WHAT IS REQUIRED: Once you find the line with "Raqueta De Ping" in the listing below, please repeat it and every later line exactly, through the last one, without pictures.

PROVIDED DATA:
====================

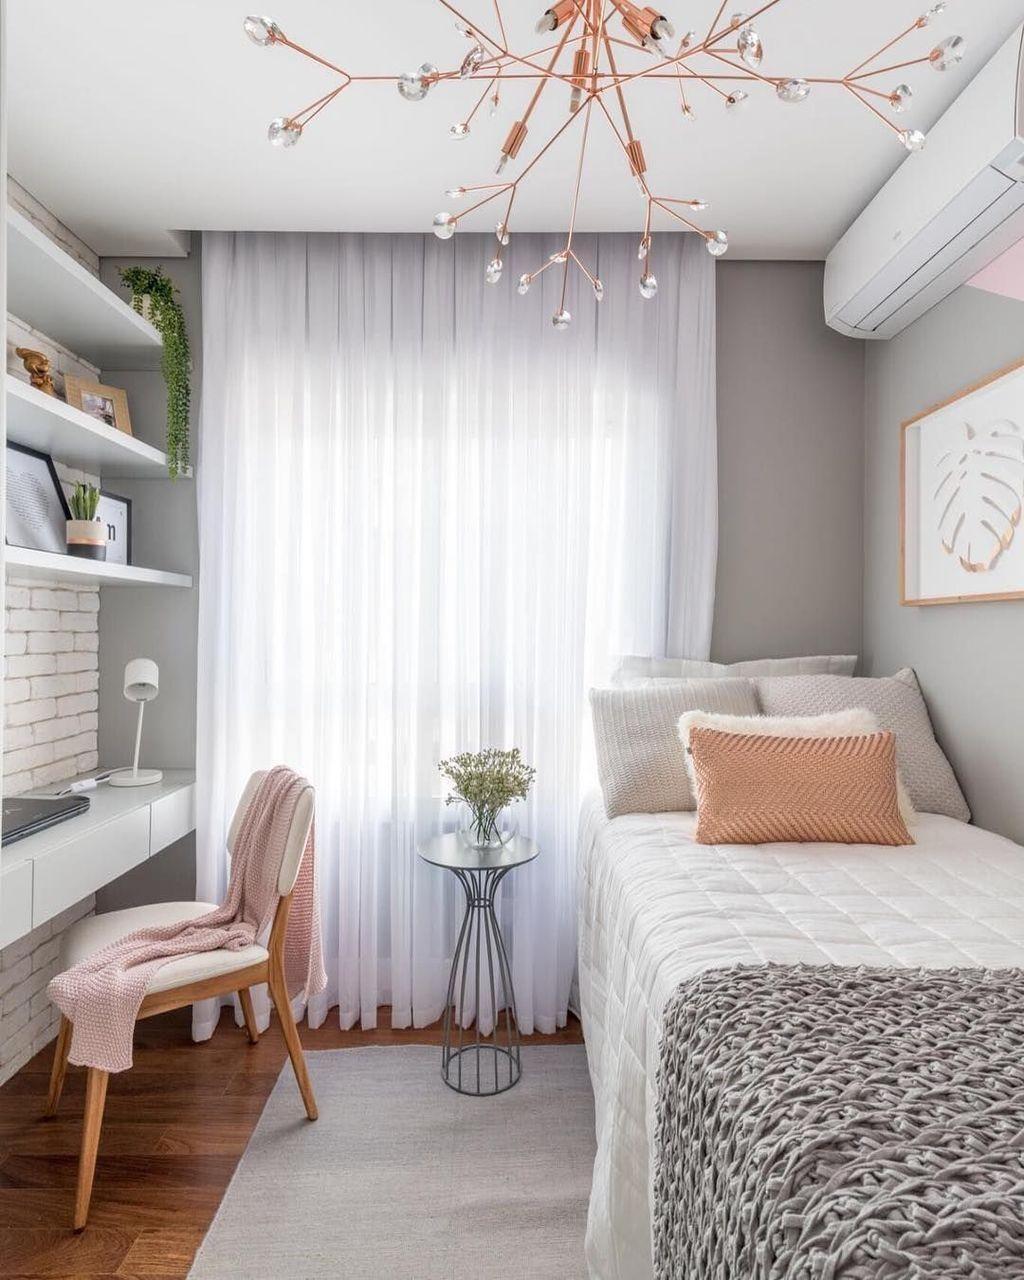 20 Splendid Small Bedroom Ideas For Teens Bedroom Decor Small
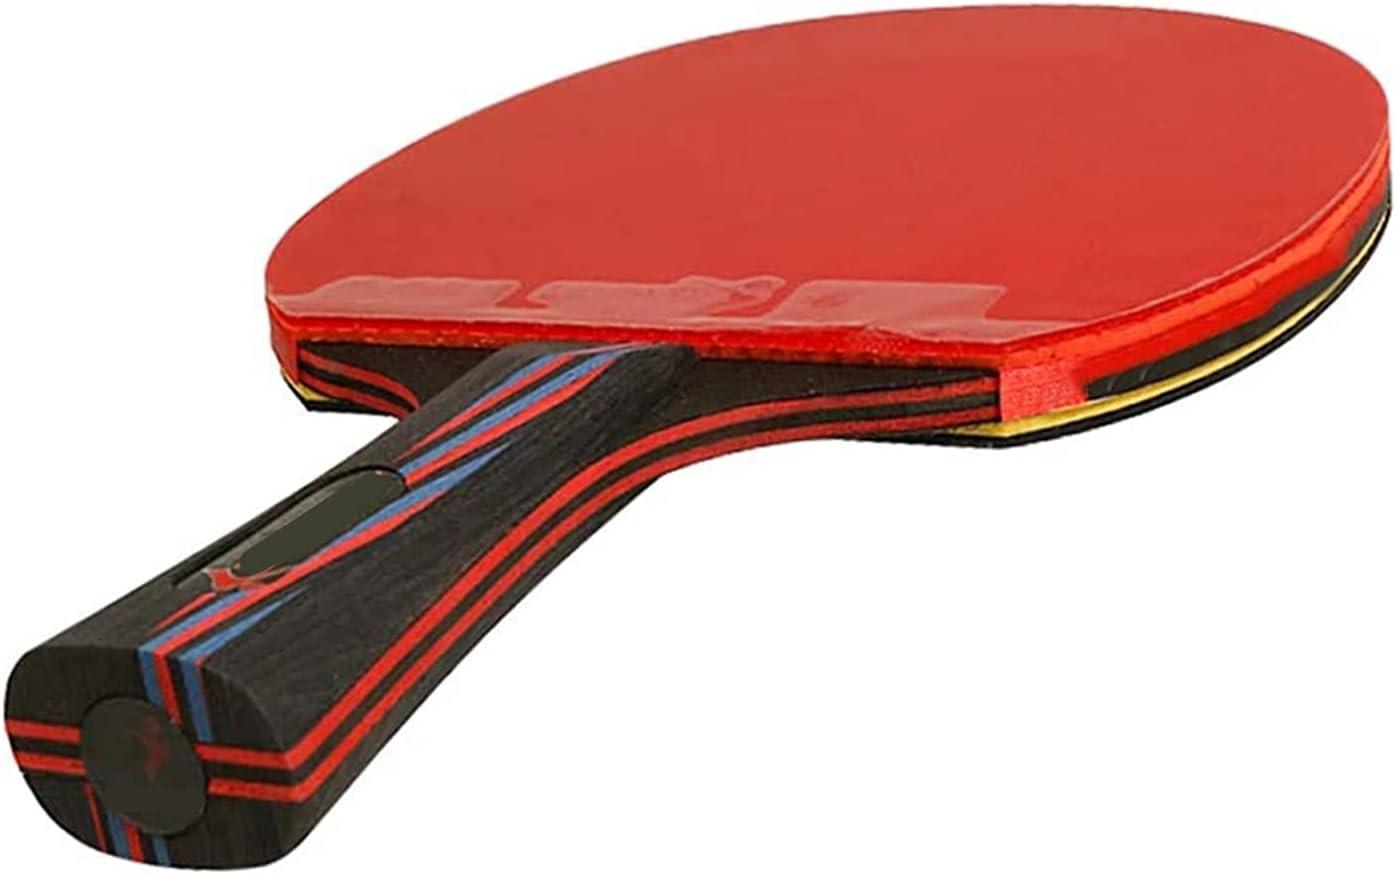 Raqueta De Ping Pong De 6 Estrellas, Nano Carbone Penis Penis Completa DE Tienda DE Tienda DE Entrenamiento con Competencia DE MORDO con ITTF Caucho Aprobado, Principiante Ping Pong, Raqueta,Penhold
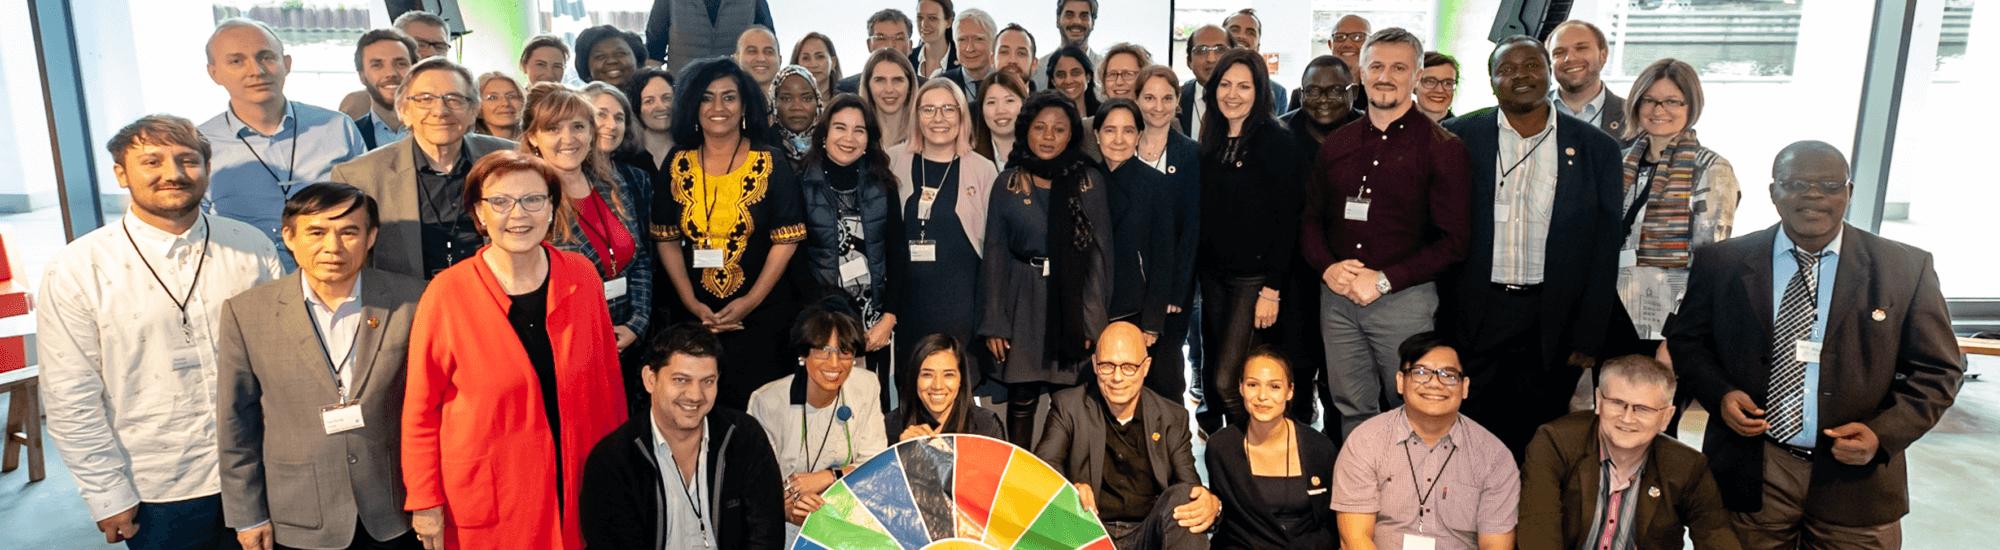 Teilnehmer*innen des Open SDGclub.Berlin 2019 - Foto: Svea Pietschmann, © Rat für Nachhaltige Entwicklung

====================

RESULT FOR THIS TASK:
 Raqueta De Ping Pong De 6 Estrellas, Nano Carbone Penis Penis Completa DE Tienda DE Tienda DE Entrenamiento con Competencia DE MORDO con ITTF Caucho Aprobado, Principiante Ping Pong, Raqueta,Penhold
 Teilnehmer*innen des Open SDGclub.Berlin 2019 - Foto: Svea Pietschmann, © Rat für Nachhaltige Entwicklung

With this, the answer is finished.